第6章 não deixe
ー潤sideー
大学のキャンパスを歩いてると、行き交う女達が時々チラチラと視線を向ける。
俺ってそんなに目立つのか。
………この濃い顔のせいだな。
「おーい、潤!」
振り返ると、久し振りに見る親友の顔。
「斗真」
斗真「来てたのか」
「あぁ。帰って来てる間に教授に挨拶しとかねぇとさ」
斗真「俺はいいのかよ」
グイッと無理矢理肩を組まれ、頭をグリグリされる。
「痛ぇって。悪かったよ」
斗真「当たり前だ。『帰る』ってメールだけで後は全く連絡もしてこないんだからさぁ…」
「ちょっとバタバタしてたんだよ。葬式の後色々あってな」
斗真「ふーん。まぁ仕方ないな。今日夜付き合うなら許してやるよ」
「分かった分かった。奢るから」
斗真「いえーい!」
そのまま斗真と教授の部屋へと続く廊下を歩いていると、向こうからよく知る顔がこちらに向かってくる。
「真央よかった。ここに居た」
真央「潤くん。来てたの?」
「ああ。教授に会いに。それに…お前にも逢いたかったからさ」
そう言うと…真央は嬉しそうに笑った。
斗真「じゃあまた夜な潤。

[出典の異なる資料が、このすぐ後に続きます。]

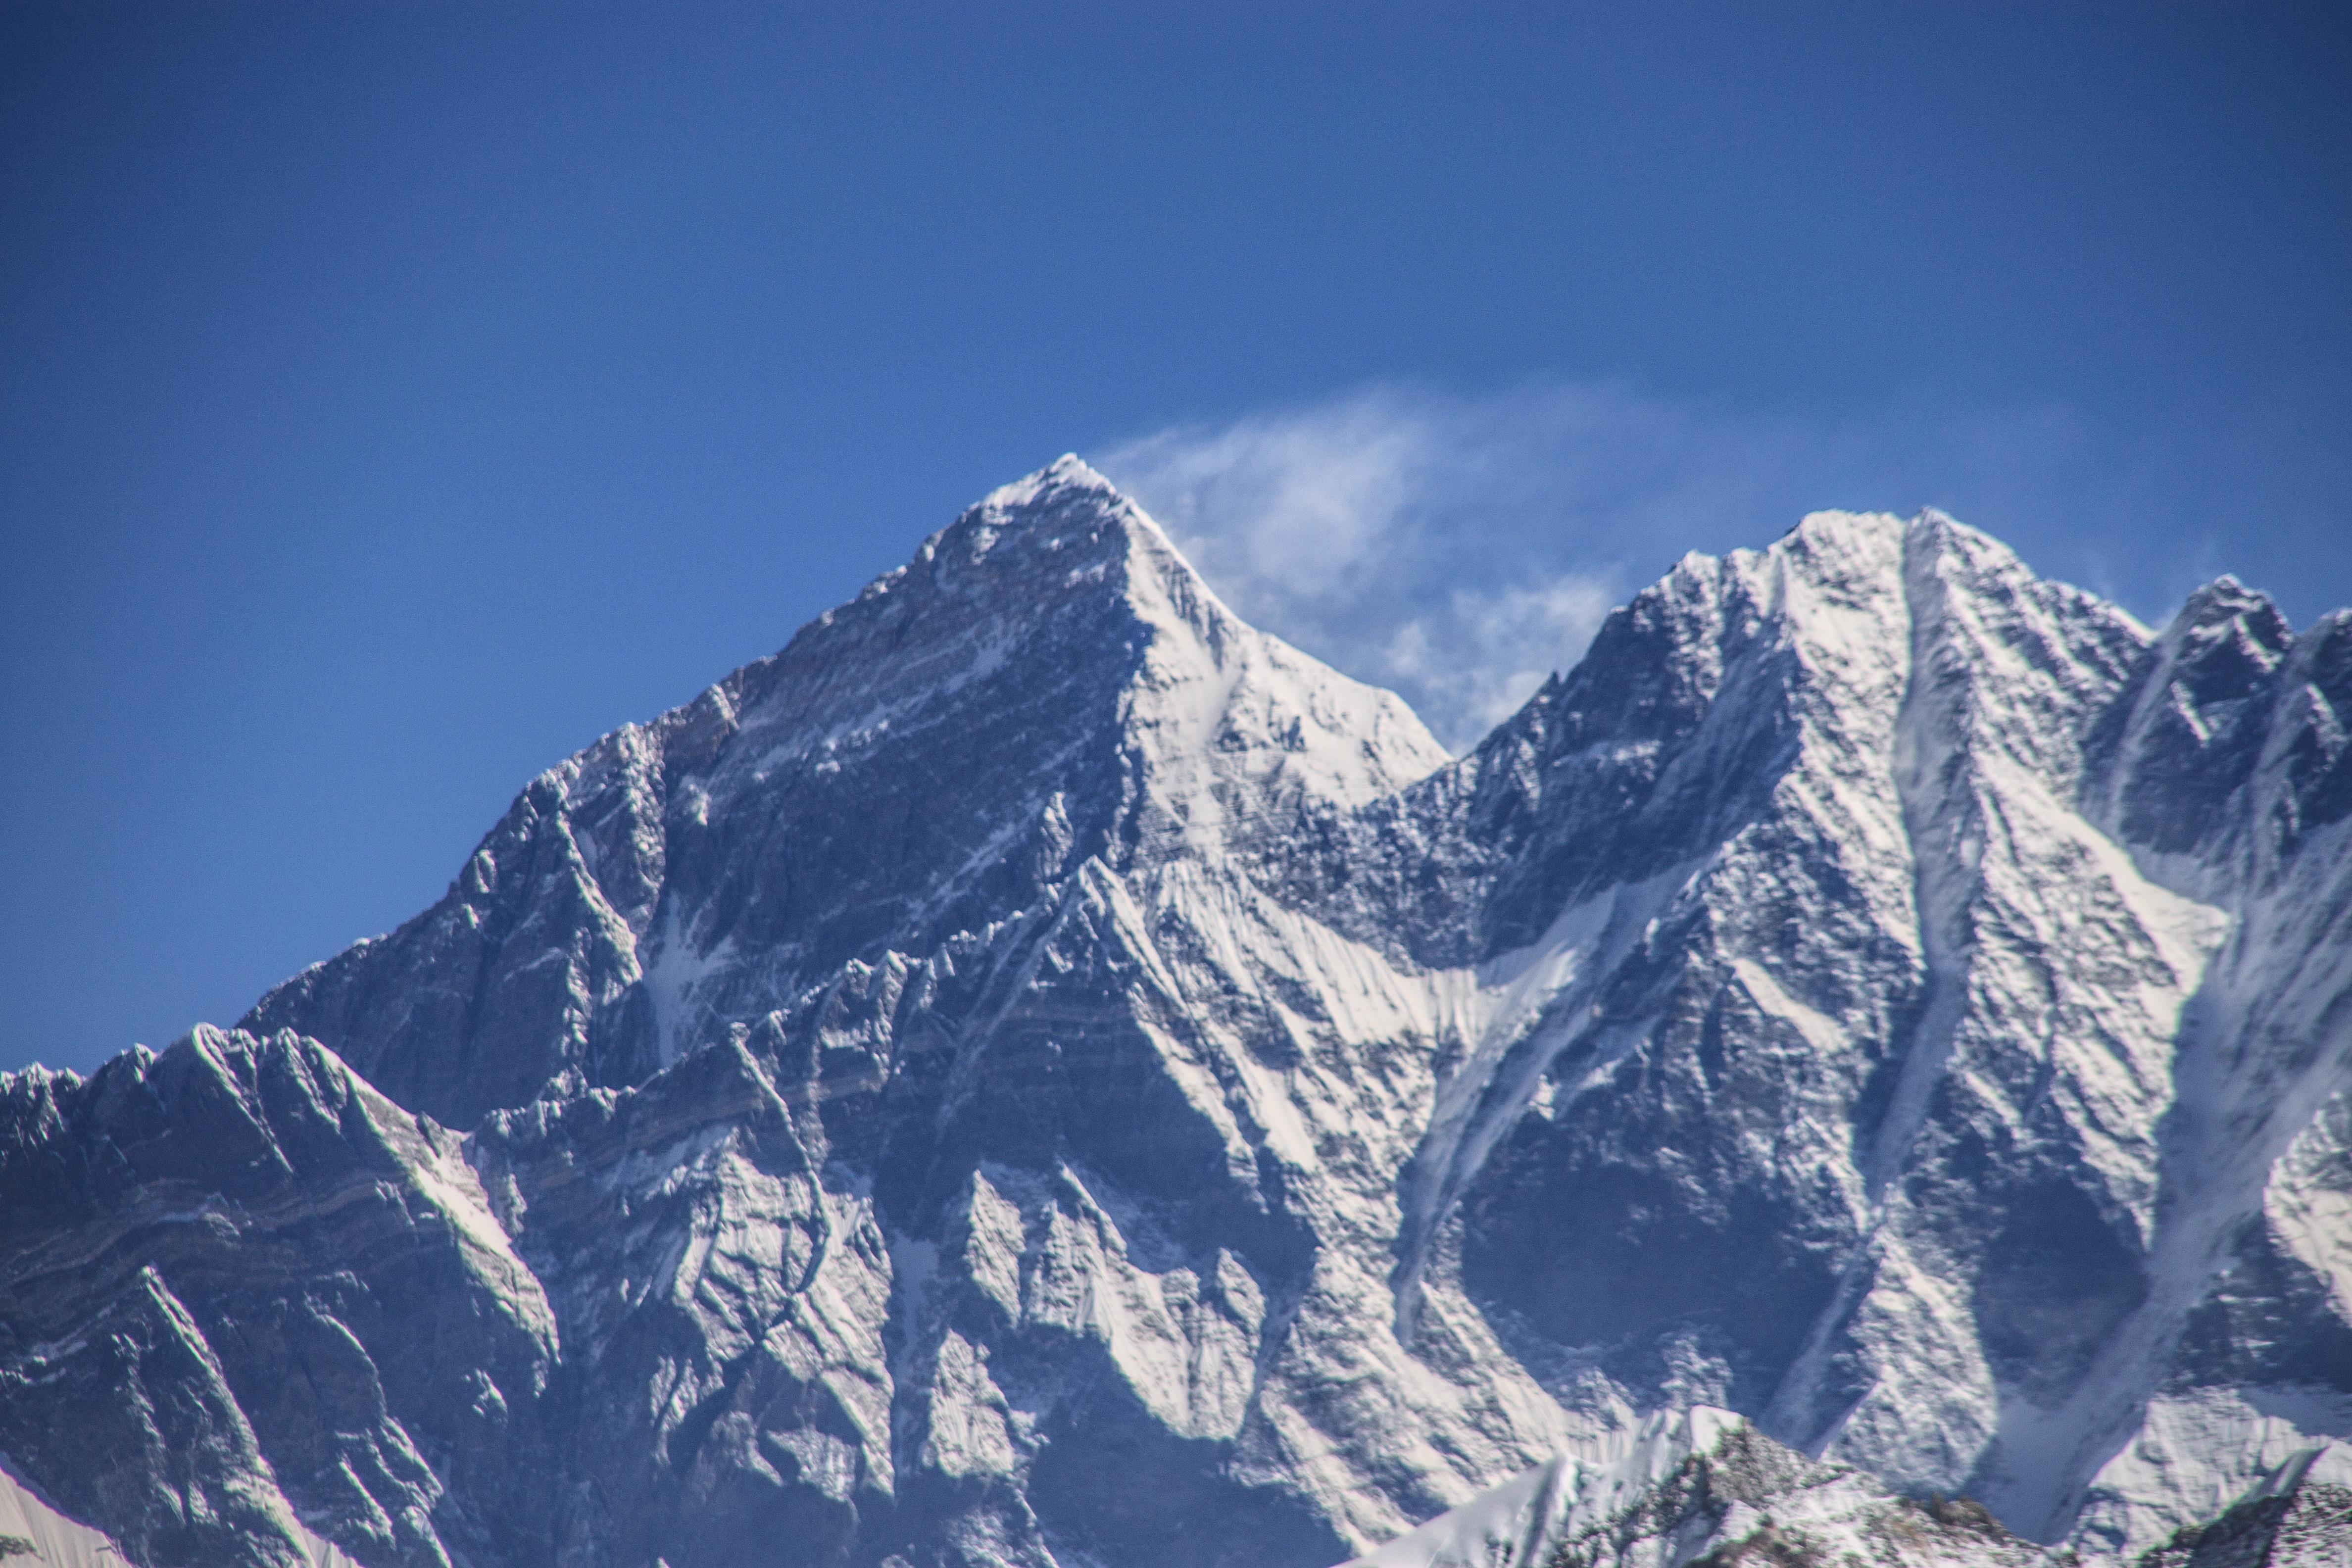 Summit of Mt Everest

旬にも連絡しとくから真央ちゃんと来いよ。じゃあな真央ちゃん」
真央「またね」
気を利かせて去っていく斗真に真央が笑顔で手を振った。
真央「皆で飲むの?」
斗真が去った後、真央の視線が俺に移る。
「お前も一緒にな」
顔を寄せ、そっと口付けると頬が赤く染まる。
「………時間ある?」
真央「え?教授は?」
「今度でいい。おいで」
真央の小さな手を握り、俺はその場を去って行った。